Il ne sera pas fait droit à la demande d’indemnité d’article 475-1 du code de procédure pénale formée par [O] [N] dès lors qu’il est bénéficiaire de l’aide juridictionnelle totale et que ce texte prévoit que le tribunal condamne l’auteur de l’infraction à payer à la partie civile la somme qu’il détermine, au titre des frais exposés par celle-ci et non compris dans les dépens.

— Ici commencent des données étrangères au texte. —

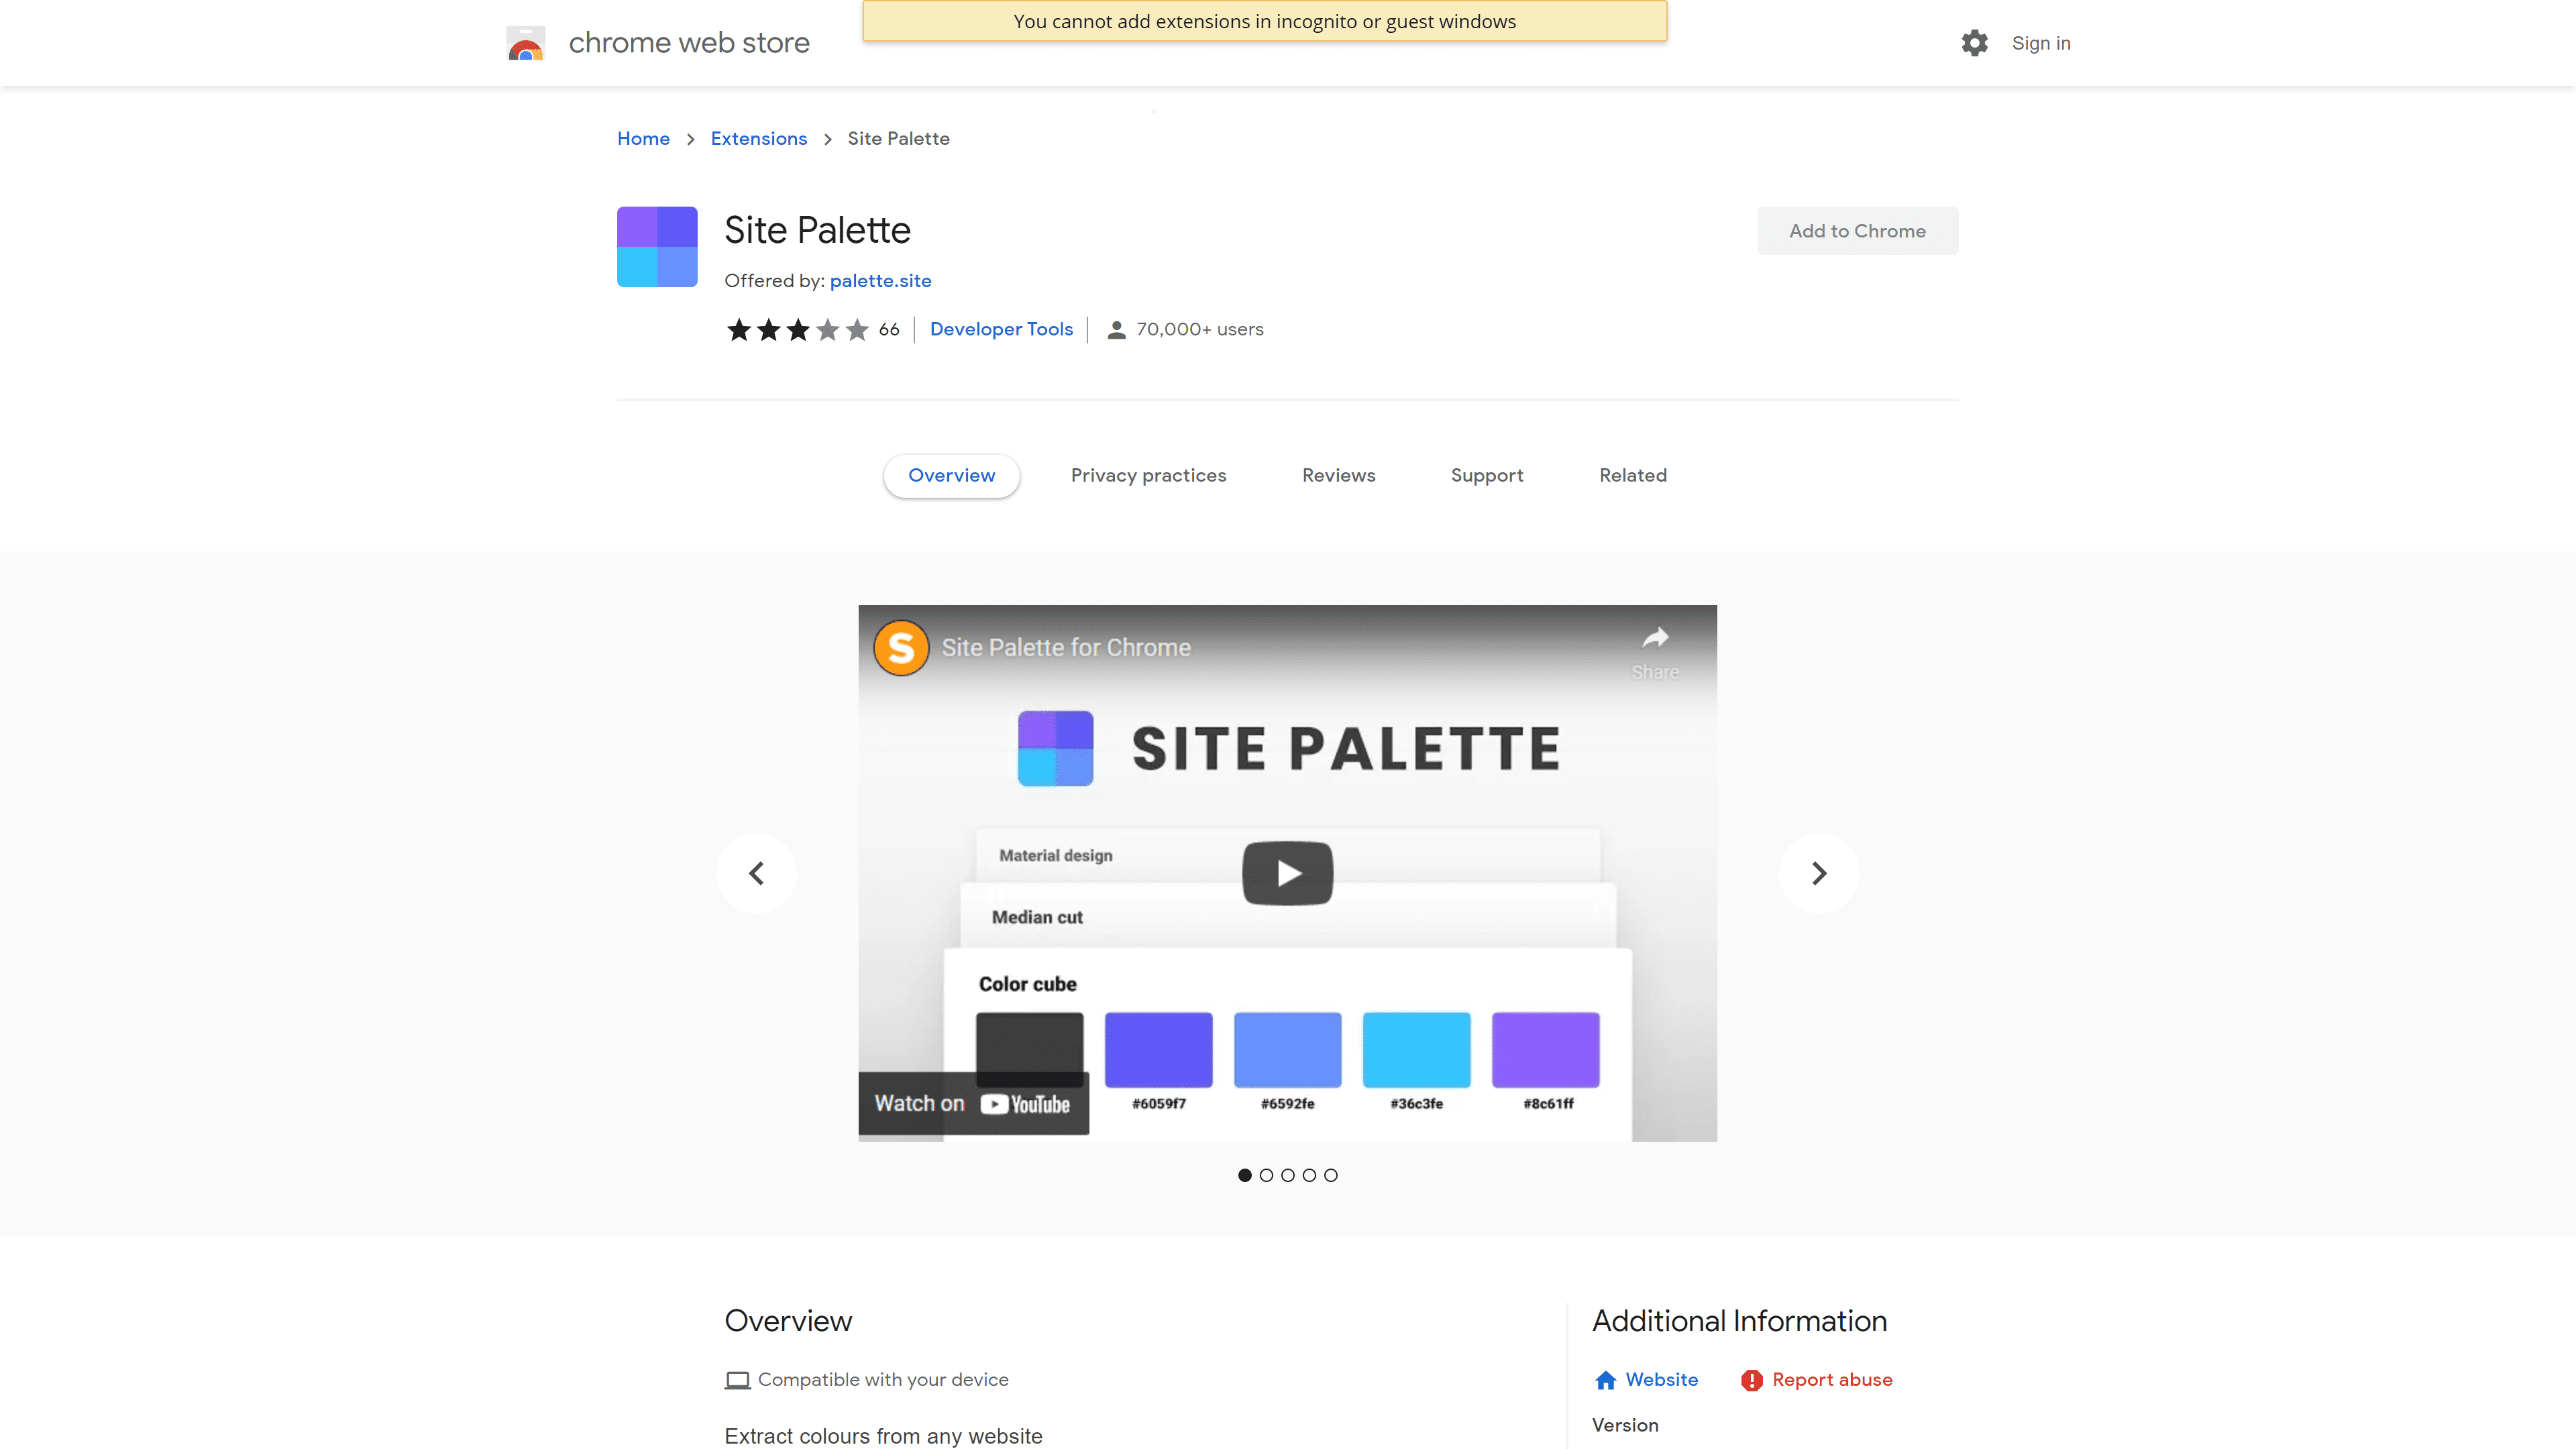 Site Palette
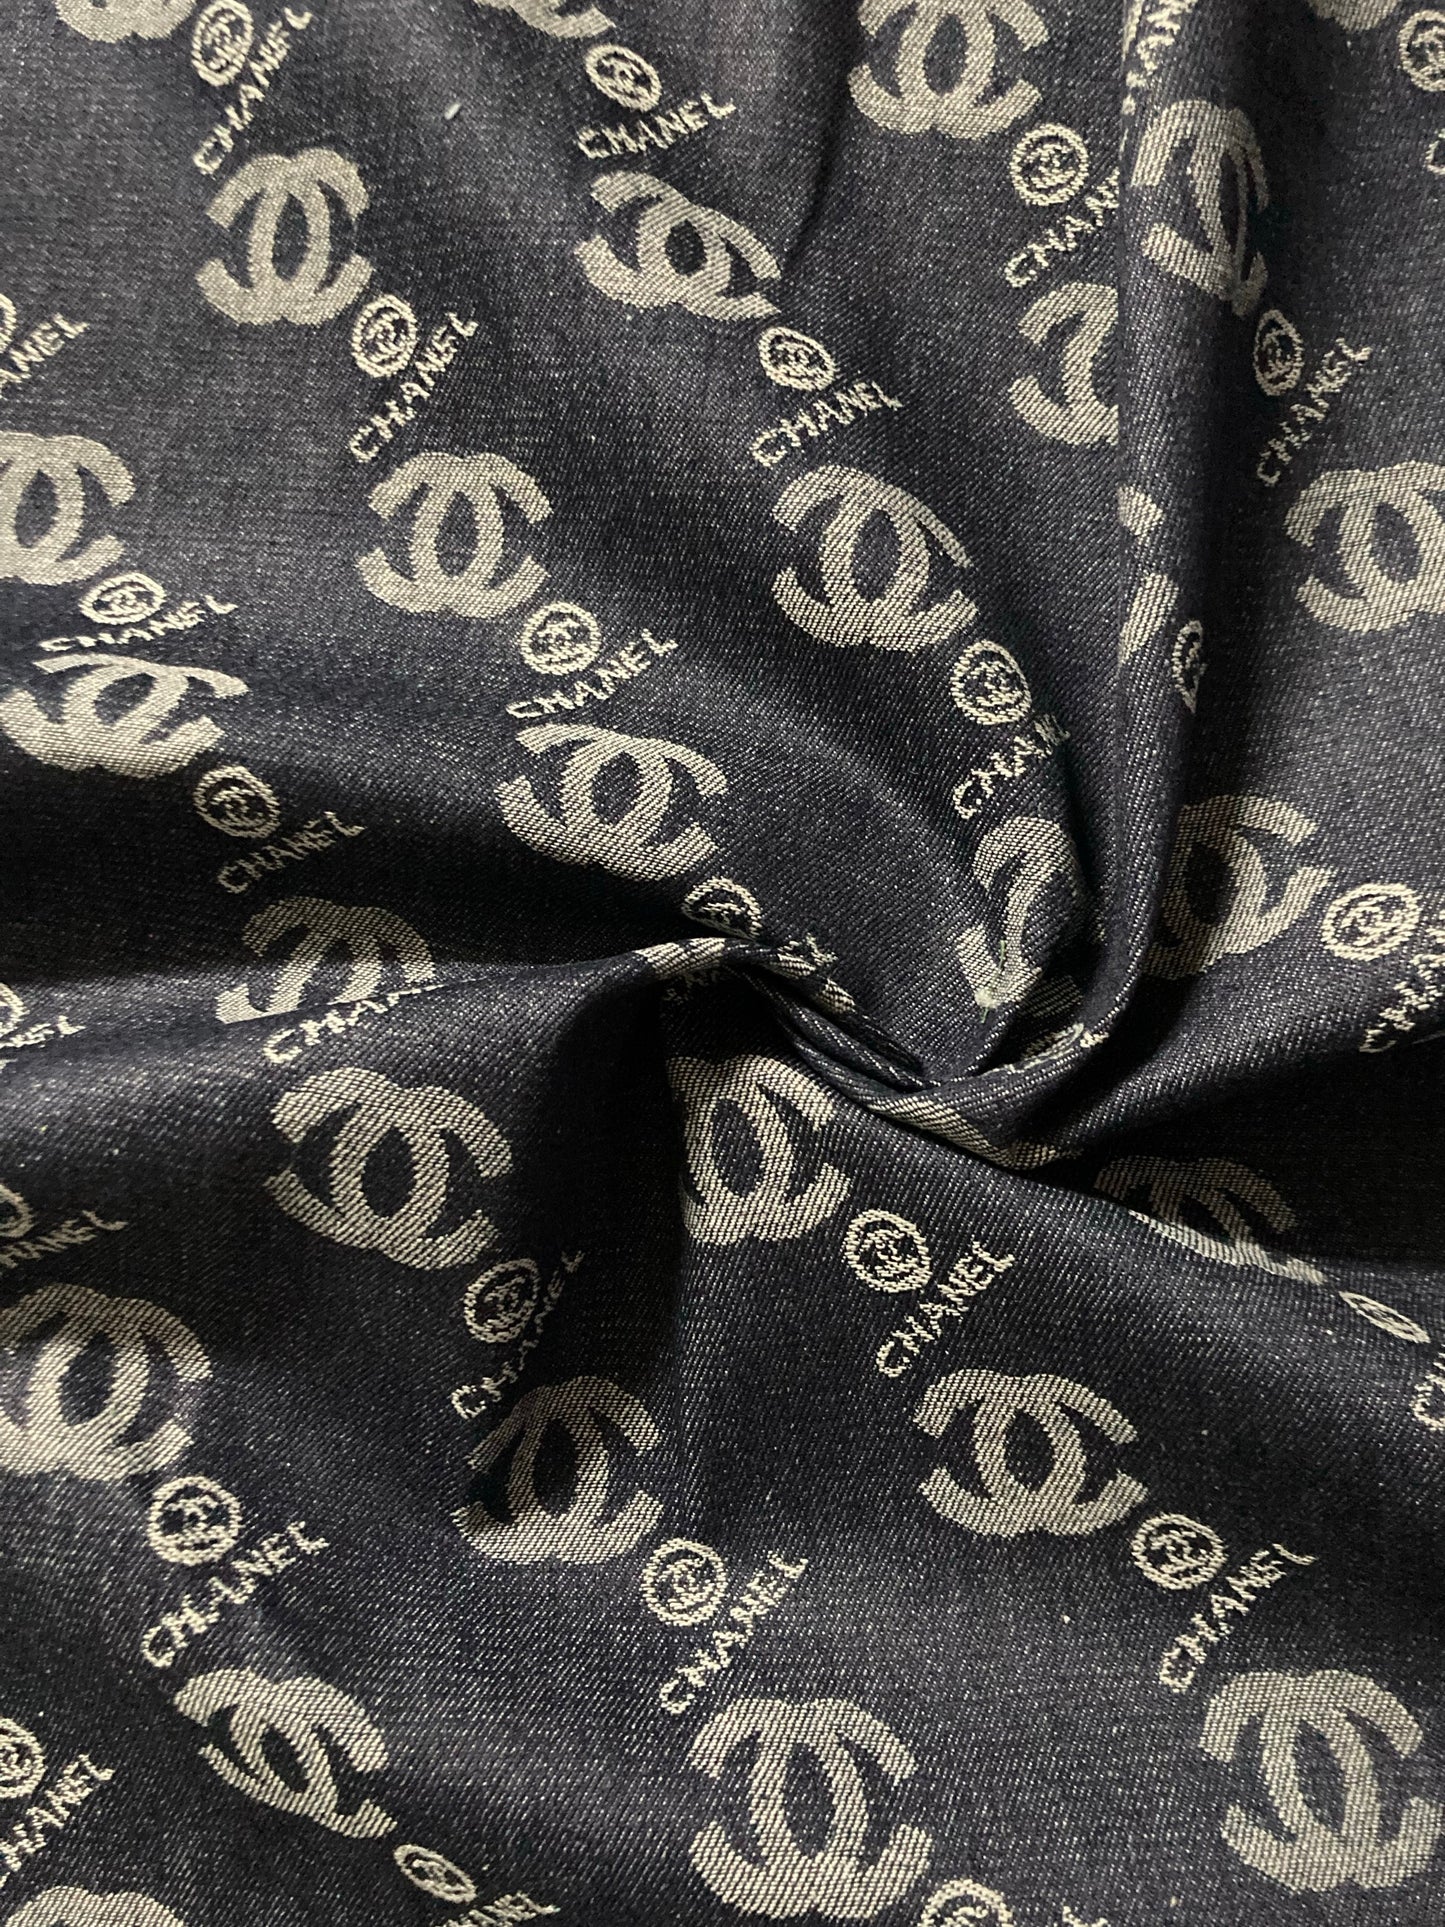 Handmade Chanel Denim Fabric for Custom Jeans

Par ailleurs aucune demande n’a été formée sur le fondement de l’article 37-1 de la loi 91-647 du 10 juillet 1991, relative à l’aide juridique.
Enfin, selon l’article 48 de la loi du 10 juillet 1991 relative à l’aide juridictionnelle, lorsque le bénéficiaire de l’aide juridictionnelle est partie civile au procès pénal, le juge met à la charge du condamné le remboursement de la contribution versée par l’Etat à l’avocat de la partie civile au titre de l’aide juridictionnelle.
PAR CES MOTIFS
Le Tribunal correctionnel, statuant sur intérêts civils, publiquement
par ordonnance contradictoire à l’égard de [E] [B], [K] [B] et [Y] [R], [H] [N] et [X] [U], es qualité de représentants légaux de [O] [N]
Ordonnons la liquidation du préjudice corporel subi par [O] [N] en raison des faits commis le par [E] [B] comme suit :
Poste de préjudice
Montant alloué à la victime
Préjudices patrimoniaux:
1° dépenses de santé actuelles
1080,00 €
Préj. extra-patrimoniaux:
1° déficit fonctionnel temporaire
2° souffrances endurées
3° déficit fonctionnel permanent
7773,75 €
2500,00 €
2150,00 €
TOTAL
13 503,75 €
CONDAMNE [E] [B] in solidum avec ses civilement responsables [K] [B] et [Y] [R] solidairement entre eux, à payer à [H] [N] et [X] [U], es qualité de représentants légaux de [O] [N] une indemnité de TREIZE MILLE TROIS EUROS ET SOIXANTE QUINZE CENTIMES (13003,75€), déduction faite de la provision précédemment accordées au titre de la liquidation de son préjudice, assortie des intérêts au taux légal à compter du présent jugement
DEBOUTE [O] [N] de sa demande au titre du préjudice scolaire ;
DEBOUTE [O] [N] de sa demande au titre de l’article 475-1 du code de procédure pénale ;
CONDAMNONS [E] [B] aux dépens de l’expertise judiciaire en vertu de l’article 10 du code de procédure pénale et de l’article 696 du code de procédure civile ;
DÉCLARONS que les sommes exposées par l’état au titre de la décision n° C 59606-2024-4292 du 10/09/2024 du vice-président du bureau d’aide juridictionnelle de [Localité 16] seront recouvrées contre [E] [B] en vertu des articles 43 et 44 de la loi n° 91-647 du 10 juillet 1991 relative à l’aide juridique ;
Les parties civiles sont informées de la possibilité de saisir le Service d’Aide au Recouvrement pour les Victimes d’Infractions pénales (SARVI) ou la Commission d’Indemnisation des Victimes d’Infractions pénales (CIVI), à charge pour elles d’entrer en contact avec le bureau d’aide aux victimes (BAV – tél. : [XXXXXXXX01]), dont la permanence se tient au Tribunal judiciaire de Valenciennes du lundi au vendredi de 8h30 à 12h00 et de 13h30 à 16h30.
Le condamné est informé de la possibilité pour la partie civile non éligible à la CIVI de saisir le SARVI s’il ne procède pas au paiement des dommages et intérêts auxquels il a été condamné dans le délai de deux mois courant à compter du jour où la condamnation est devenue définitive.
En foi de quoi la présente décision a été signée par le président et le greffier.